I want to say a couple of words about the committee and then I want to speak very directly to the amendment because there are points to be made.
First, for anyone who is watching, the motion before us by the Liberals calls for a special committee to be struck and then it goes into great length about the details of who will be on it, who will chair it, all those details and so on.
The problem is that we already have a committee that is dealing with that issue and dealing with an NDP motion that passed the House. The committee started meeting on April 22. We have had 10 meetings. We have met for 15 committee hours. We have heard from 16 presenters. So 10 meetings, 15 hours, 16 presenters, and what? Do we throw that away? Will we just say it does not matter, throw that away and call it a practice run?
The Liberal House leader during one of his famous Regina monologues went on to tell us all about how the amendments make everything wonderful. Do not worry. The original motion was kind of stale-dated but the amendments today fix that and make everything relevant.
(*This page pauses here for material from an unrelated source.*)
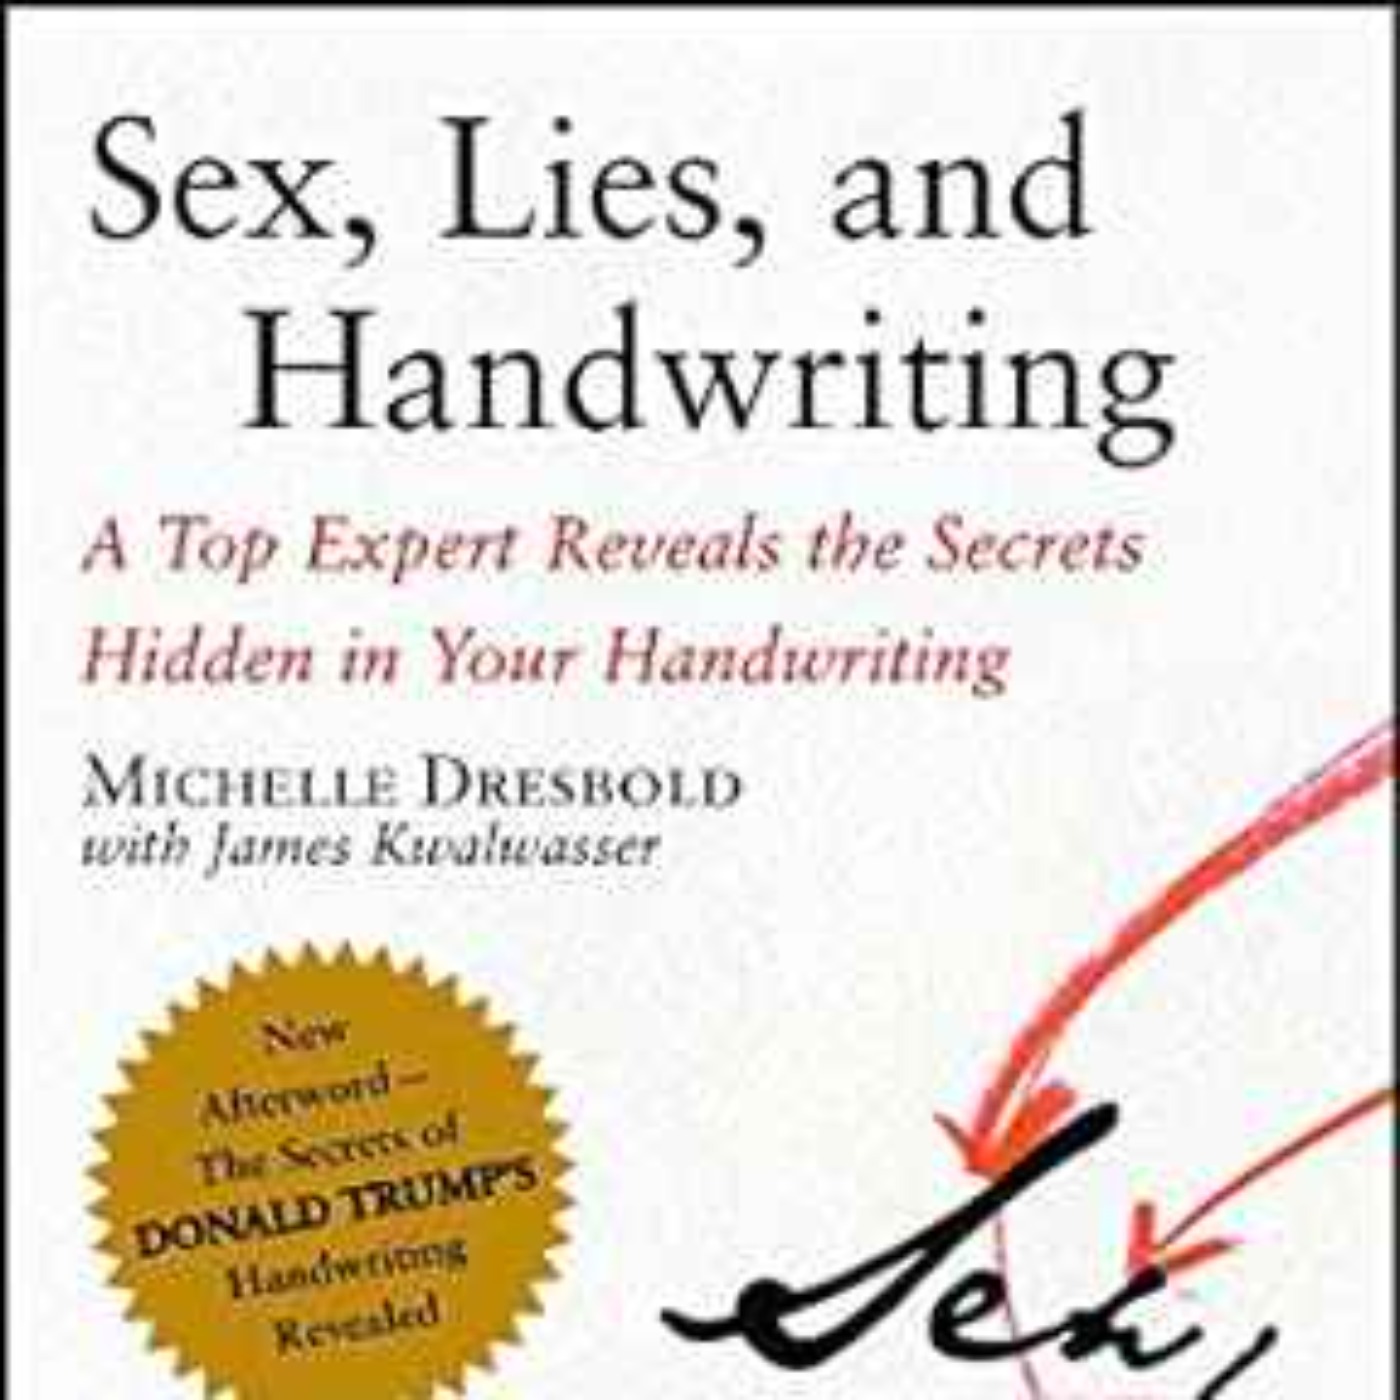 Michelle Dresbold - Sex, Lies, and Handwriting

So the Liberals are exactly where they need to be.
Let us have a look at some of these amendments:
that the special committee also take into account any report on prorogation that may be forthcoming from the Standing Committee on Procedure and House Affairs, and provide an analysis of the consequences of the use of prorogation as a device to avoid accountability or to silence voices that may wish to express disagreement with the government;
That is what the committee is doing. The committee is going to be holding hearings. We have heard from 16 experts, some of the leading constitutional lawyers, professors and political scientists in the country, people who are designated as advisers to the Governor General on constitutional matters.
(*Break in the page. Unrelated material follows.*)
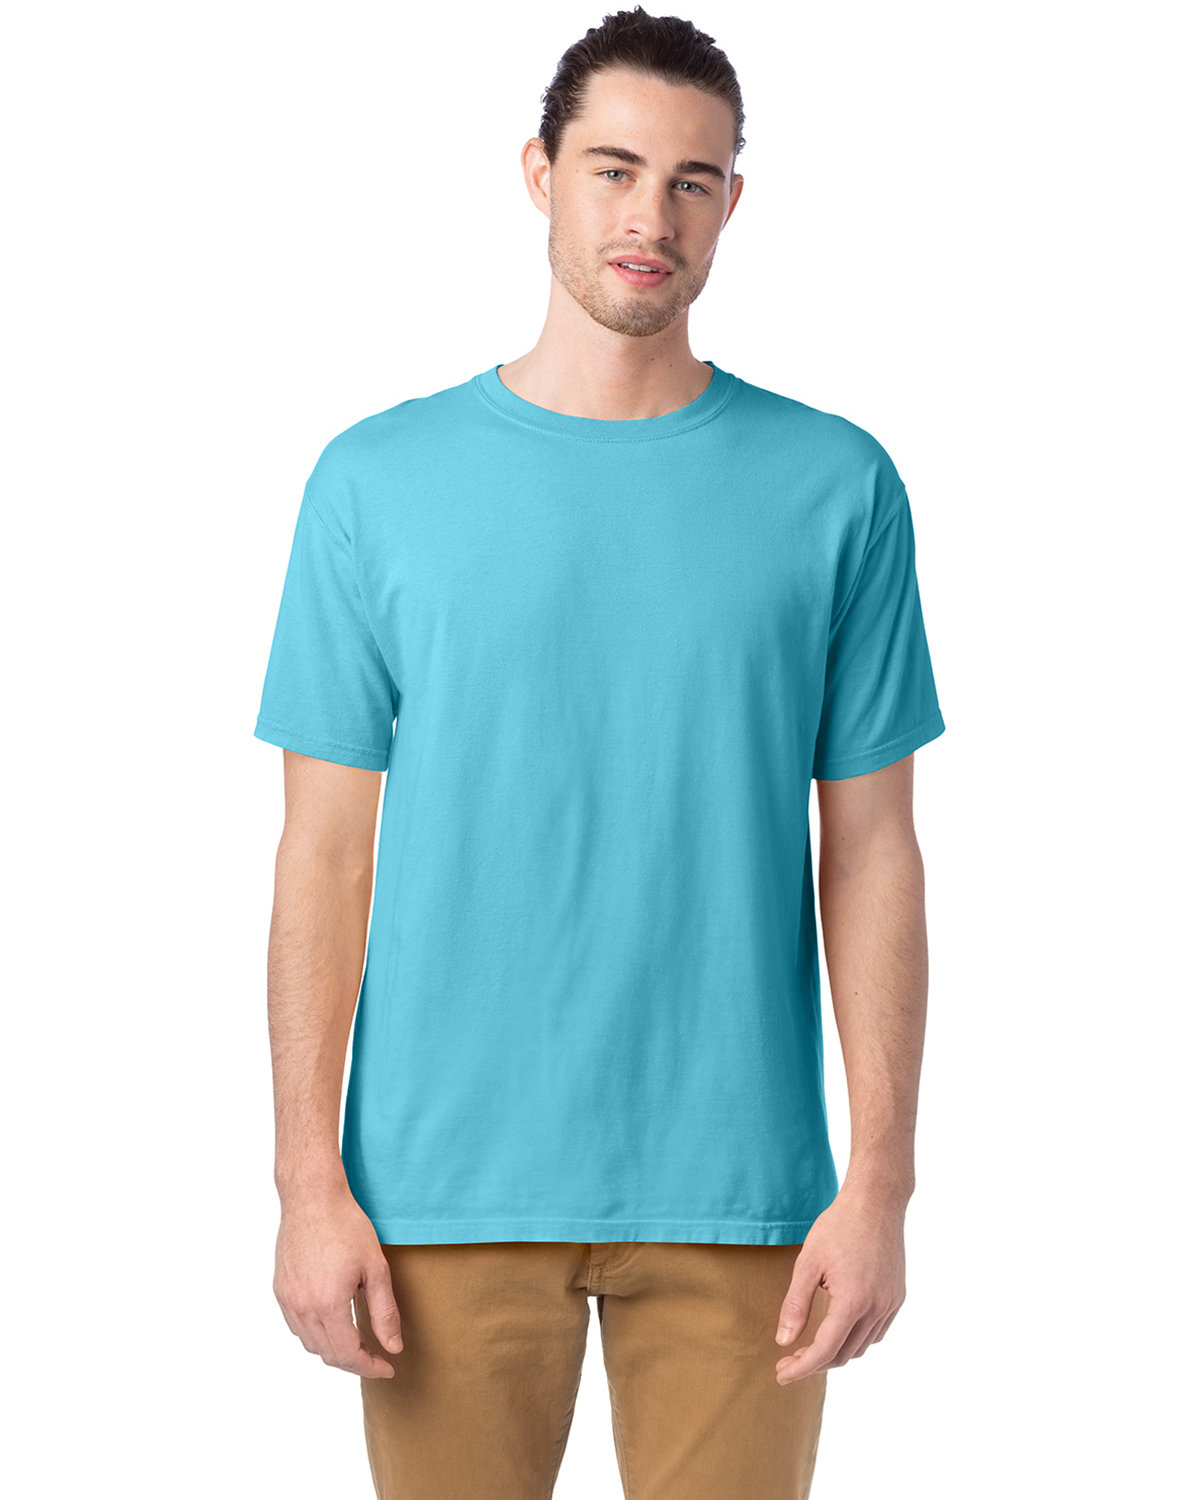 ComfortWash by Hanes Men's Garment-Dyed T-Shirt FRESHWATER

Our plan is at the end of that, we will start writing a report. Will we agree on the report? I doubt it. Is it going to be fascinating to see where we end up? Yes. Is it loaded with all kinds of partisan politics? Yes. Is it important and affects the future of how we operate this place? Yes again.
The amendment does not add anything new. It just duplicates what we have already done. It makes it sound as though there is a process that the Liberals have really thought through.
It drives us crazy when the Liberals will not admit when they have screwed up. They have to dig themselves further and further into a hole. They leave the impression that the committee can do its work and then they will take the report, and will do what? Real committee work? Will they somehow do the finished product? It does not make any sense at all. One need not to have been here for too many years or to know much about politics to figure out that it does not make a whole lot of sense to start up a special committee to do work that is already being done by a committee.
These amendments are an attempt to make the official opposition look fresh and to make it look relevant and it is not.
A colleague from another party mentioned something interesting to me so I do not take ownership of this, but on that side of the House there is a fake lake, and on this side of the House there is a fake motion. Really, what we are dealing with here is a fake motion that does not mean anything.
If the Liberal members want to rant against the government regarding prorogation, okay. If that is their political priority, I do not quite get it, but that is fine. They have that right. But why not do something imaginative, come up with something relevant, something that furthers the issue?